FireWise Consulting doesn't have teams to engage wildland fires. Instead, they provide education, and conduct fire service reviews. They help fire departments get better organized and better equipped for meeting expanding service delivery objectives. They provide online training and deliver fire prevention programs. They assess fire risks to property and educate on how to make structures more fire safe.
Insurance companies welcome the process of improving fire safety. Most fires are preventable. "We deliver fire investigation training. And we have a First Nations fire prevention training program for structures and homes."
The audits and inspections were not punitive. They are status reports of where fire departments were standing in compliance with the safety of the firefighters. The status reports made recommendations creating a roadmap for the fire department and their governing body to improve.
Local governments have to step up to the plate, municipalities and regional districts face funding issues, WorksafeBC issues, occupational health and safety regulations and priorities. FireWise pointed out to the fire departments the necessity of interacting with jurisdictional authorities. It is a team effort with assigned responsibilities and duties to meet the duty of care and standard of care obligations.

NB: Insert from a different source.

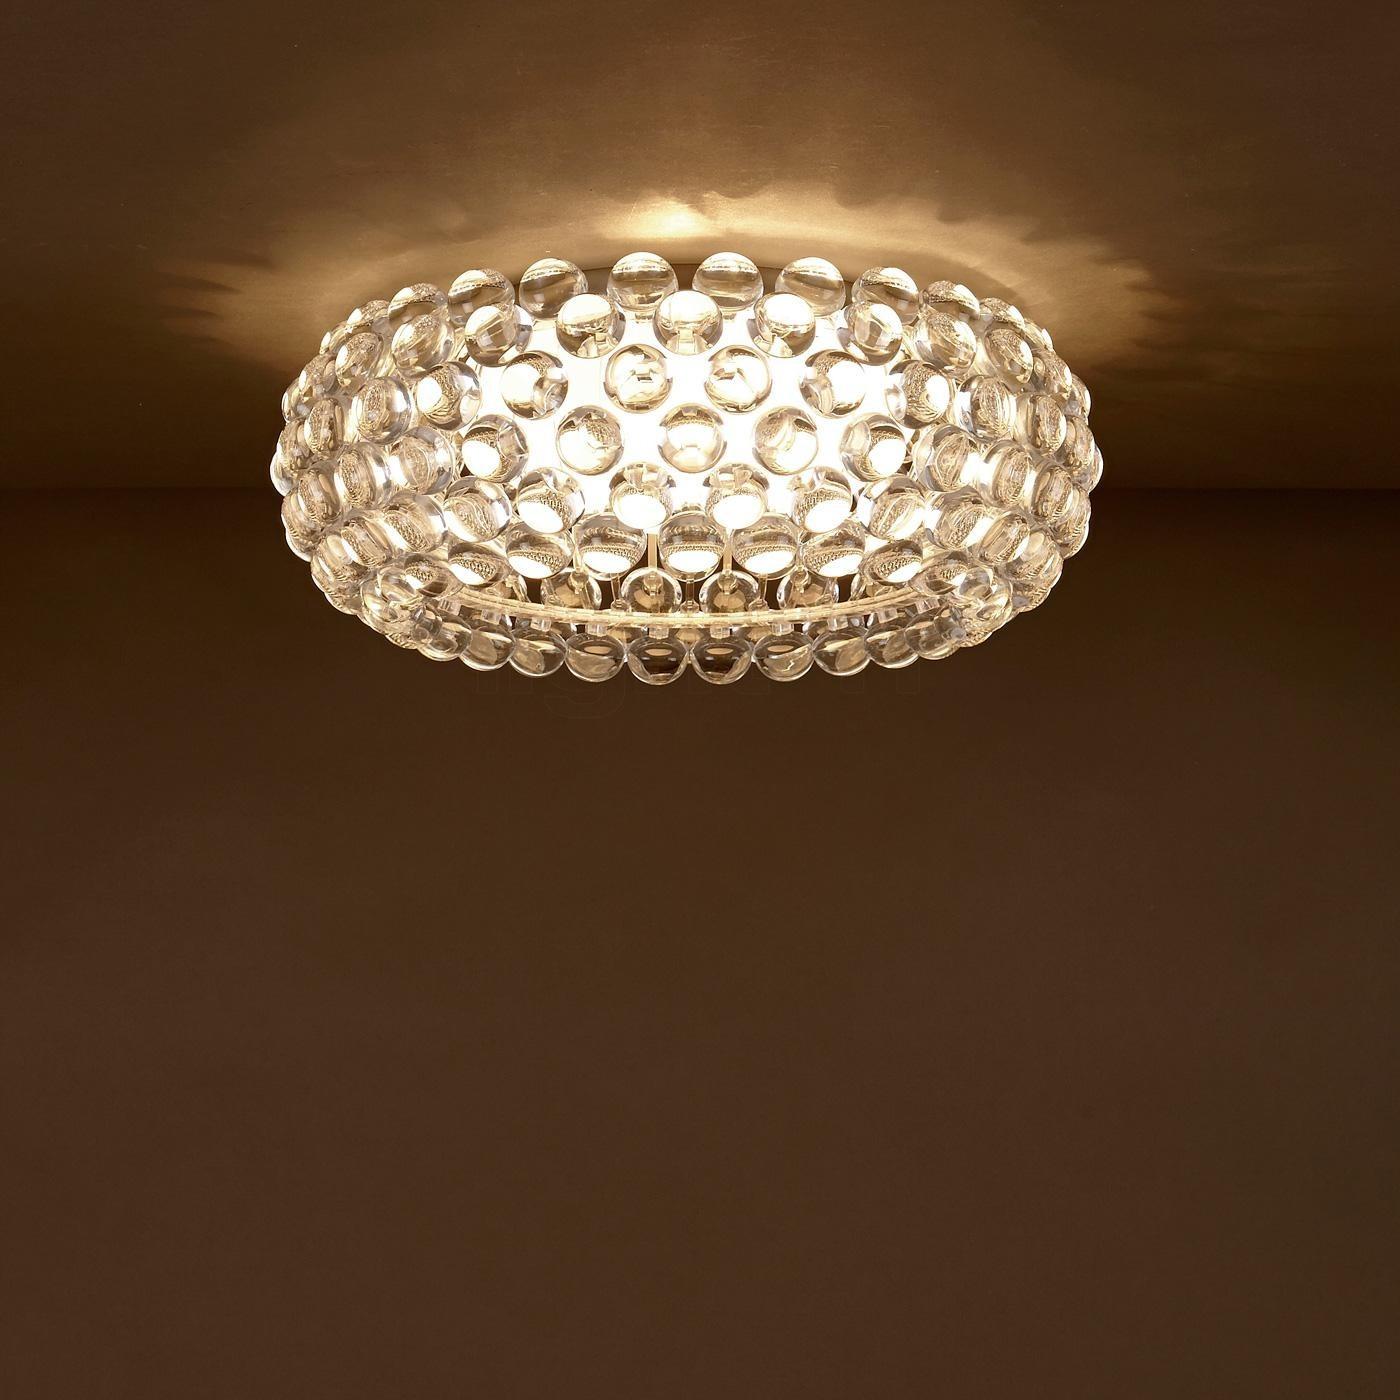 Foscarini caboche ceiling lamp for Caboche foscarini

Fire Safety involves concerns that the duty of care standards must be met according to the service levels established by the local authority having jurisdiction (AHJ). Adequate funding for fire departments is a challenge regardless of the size of the community. Once a level of service has been established through the authority of a bylaw and then policy statements of the AHJ, adequate funding is crucial. Small communities have difficulty providing funding with their limited tax base and competing for essential services to their constituents.

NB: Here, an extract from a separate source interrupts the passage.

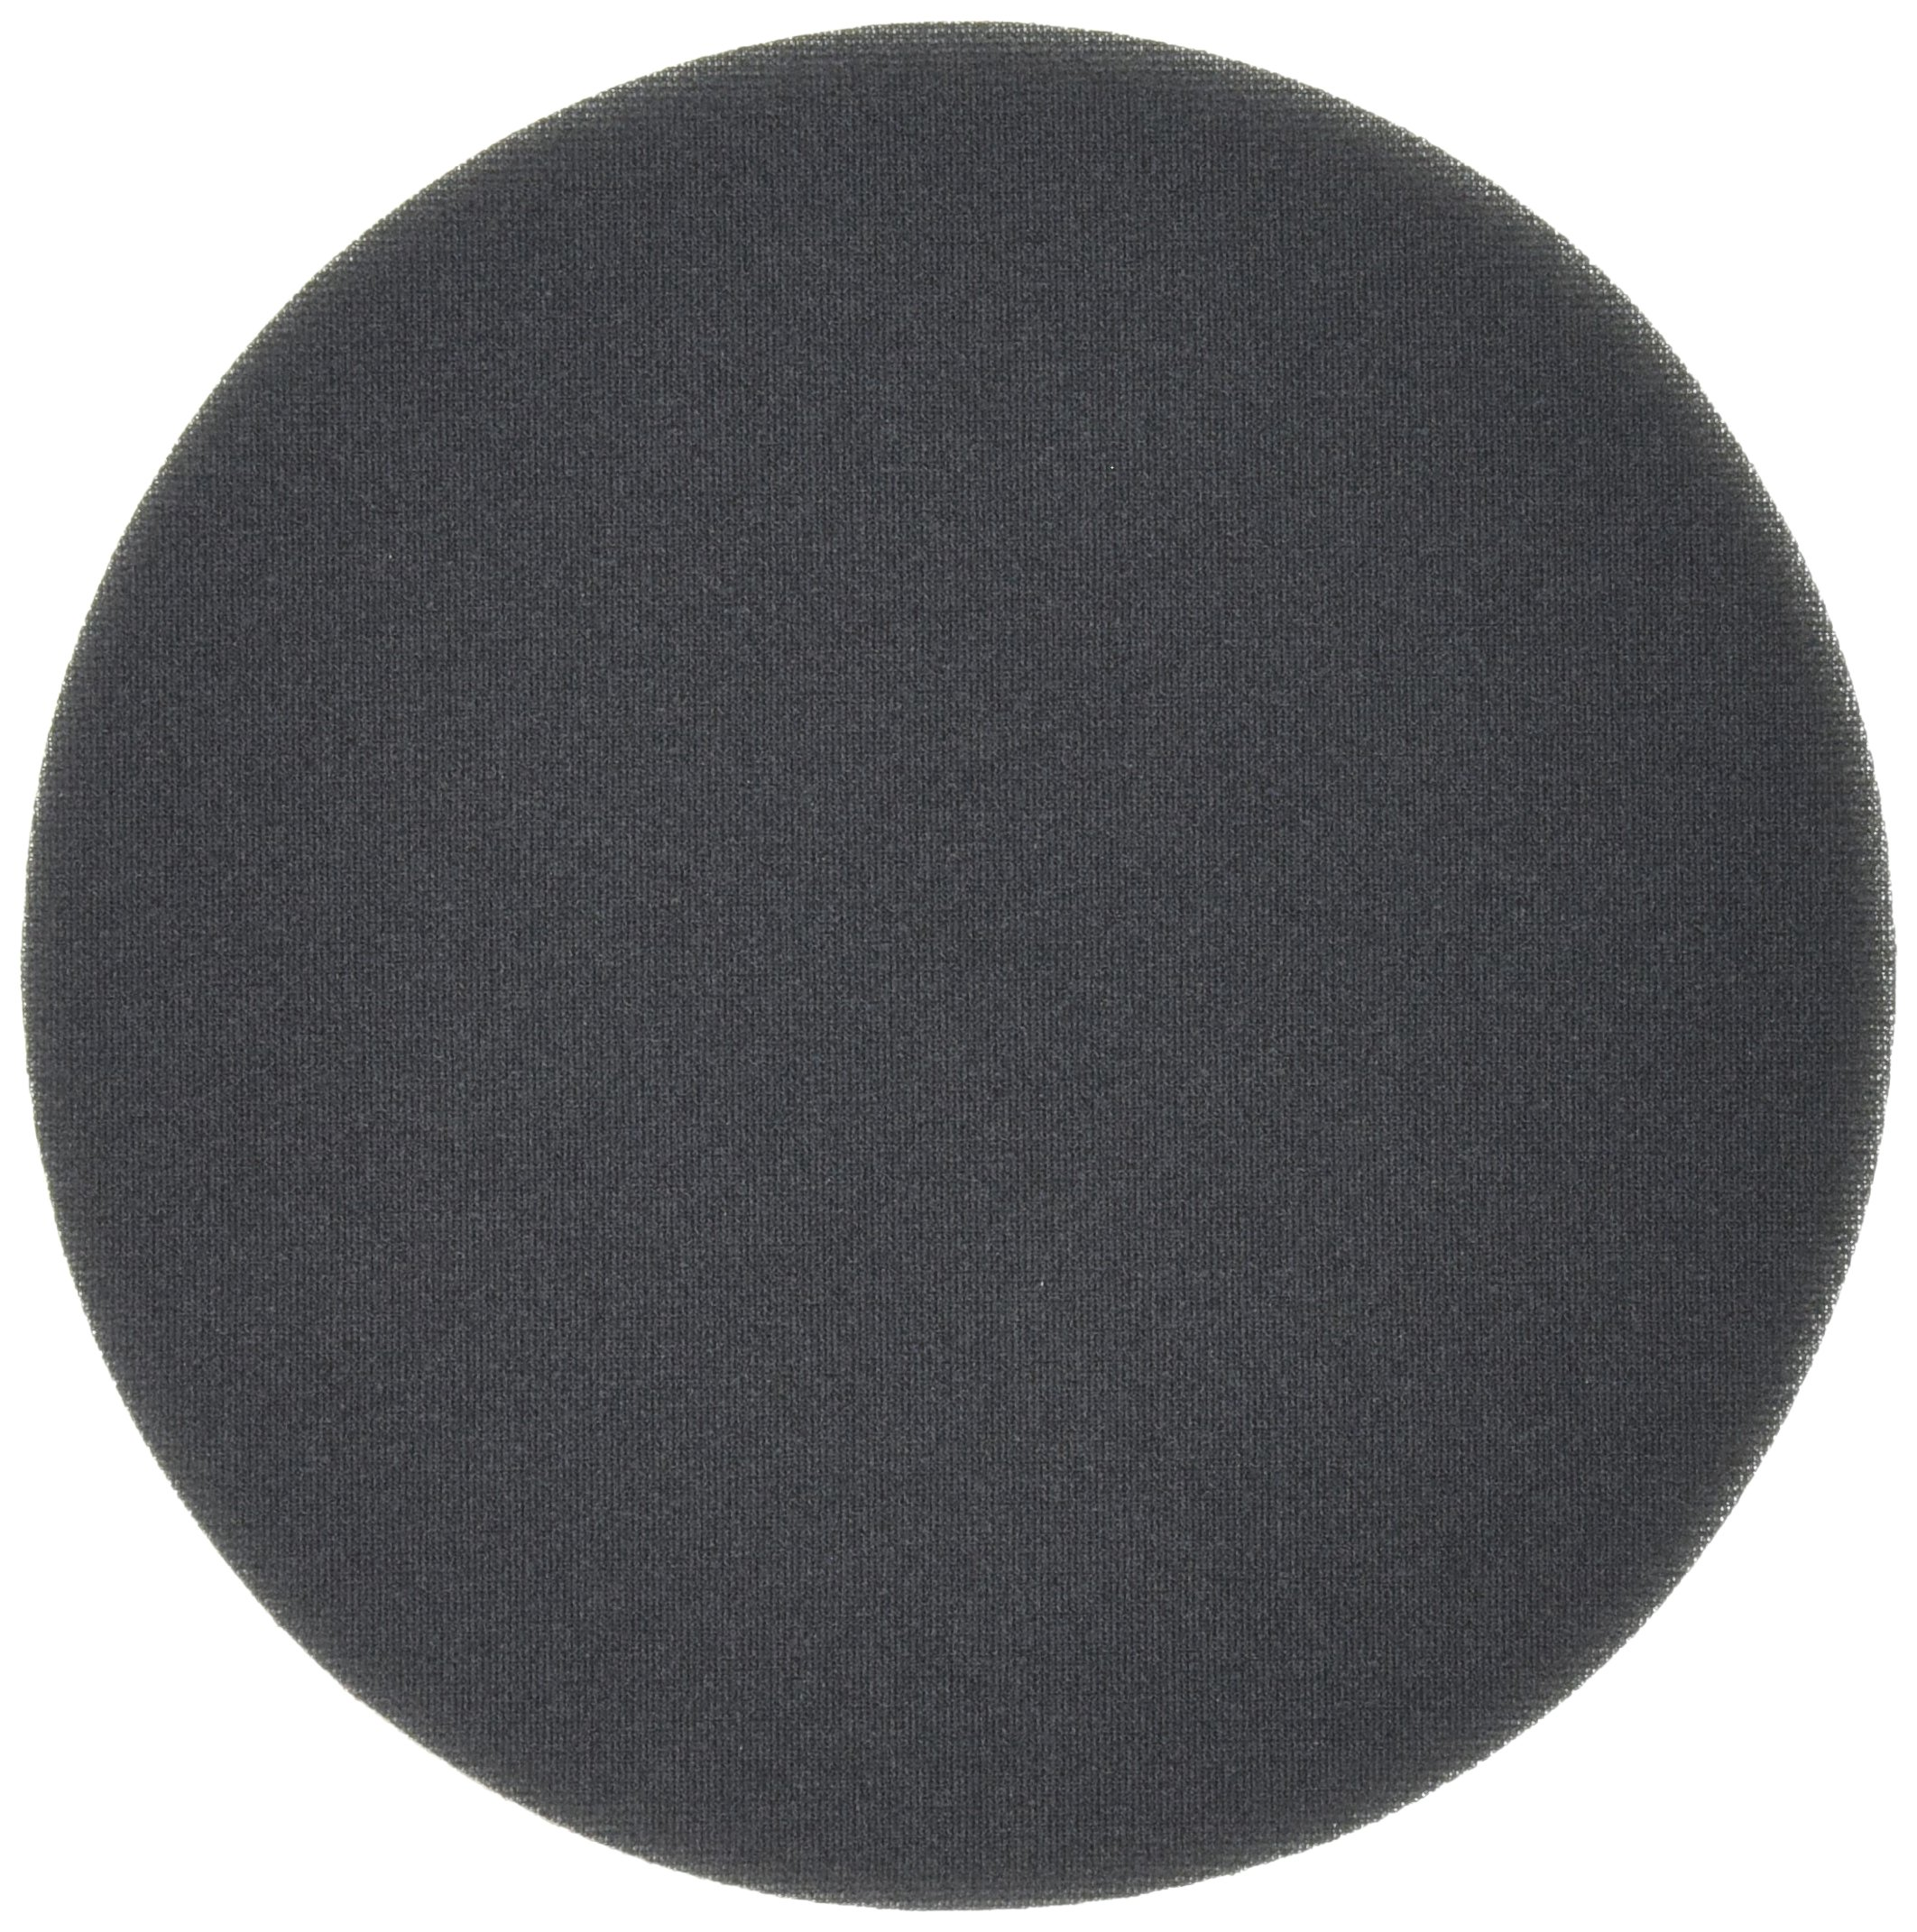 Mirka Abralon 6 Inch Foam Grip Disc 360G - Box of 20 by Mirka

The audits and inspections highlighted these challenges. It is reassuring to note that most inspections audits were positive. Fire departments are providing exceptional service under the circumstances. However, the chief coroner asserted it takes people to put out fires.
The training, equipping, and maintenance of the fire service is critical. Continuous improvement is necessary as regulations and community expectations evolve. That takes careful planning and implementation.

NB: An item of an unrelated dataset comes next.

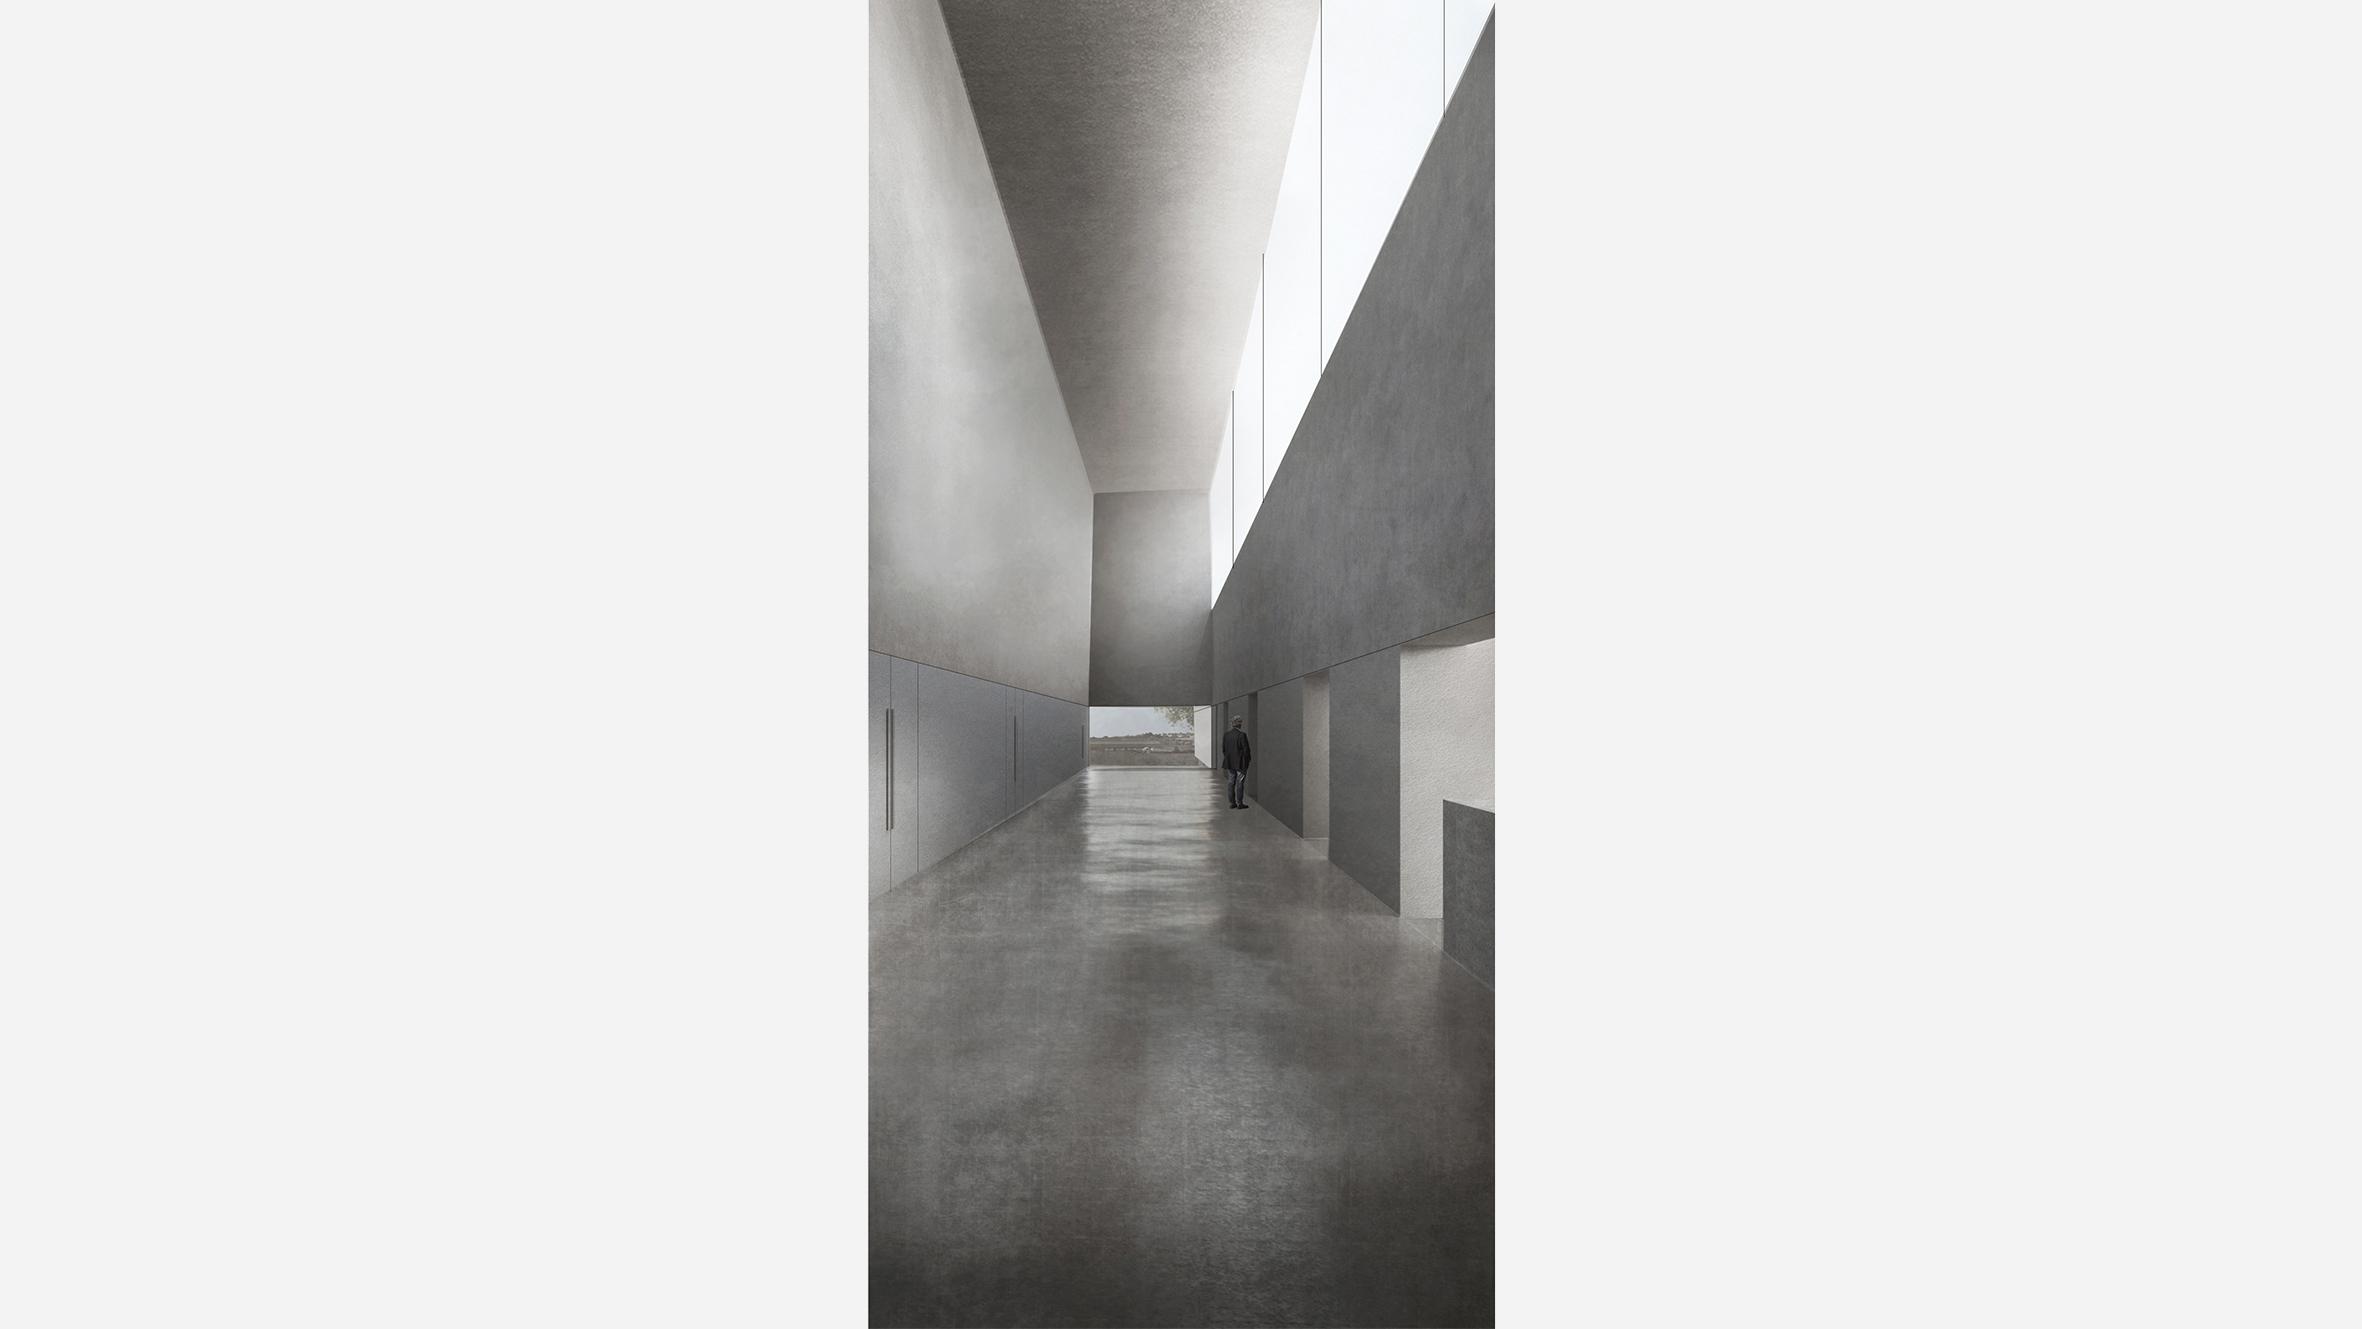 04_IMAGEN vertical pasillo

In the present day environment, wildland fires in forests are a big part of what urban, municipal, and regional district firefighters will be called upon to fight. "I believe in 2003 we saw a turning point in the way structural firefighters got involved in the wildland fires," says Polsom.
In 2004, former Manitoba Premier Gary Filmon produced the Filmon Firestorm Report after the 'summer of fire' in 2003, which "made dozens of recommendations for changes to B.C.'s wildfire strategy." (https://bccfa.ca/filmon-firestorm-report/)
This report and the auditing process led to a new level of priorities for wildland firefighters. In the summer of 2021, a lot of municipal fire departments were deployed to assist in protecting homes, farms and businesses. Many were equipped with structural protection units which are portable sprinklers systems designed to protect property values. The provincial Wildfire Management Branch assisted in protecting structures, and a strategy led to overcoming tough management problems.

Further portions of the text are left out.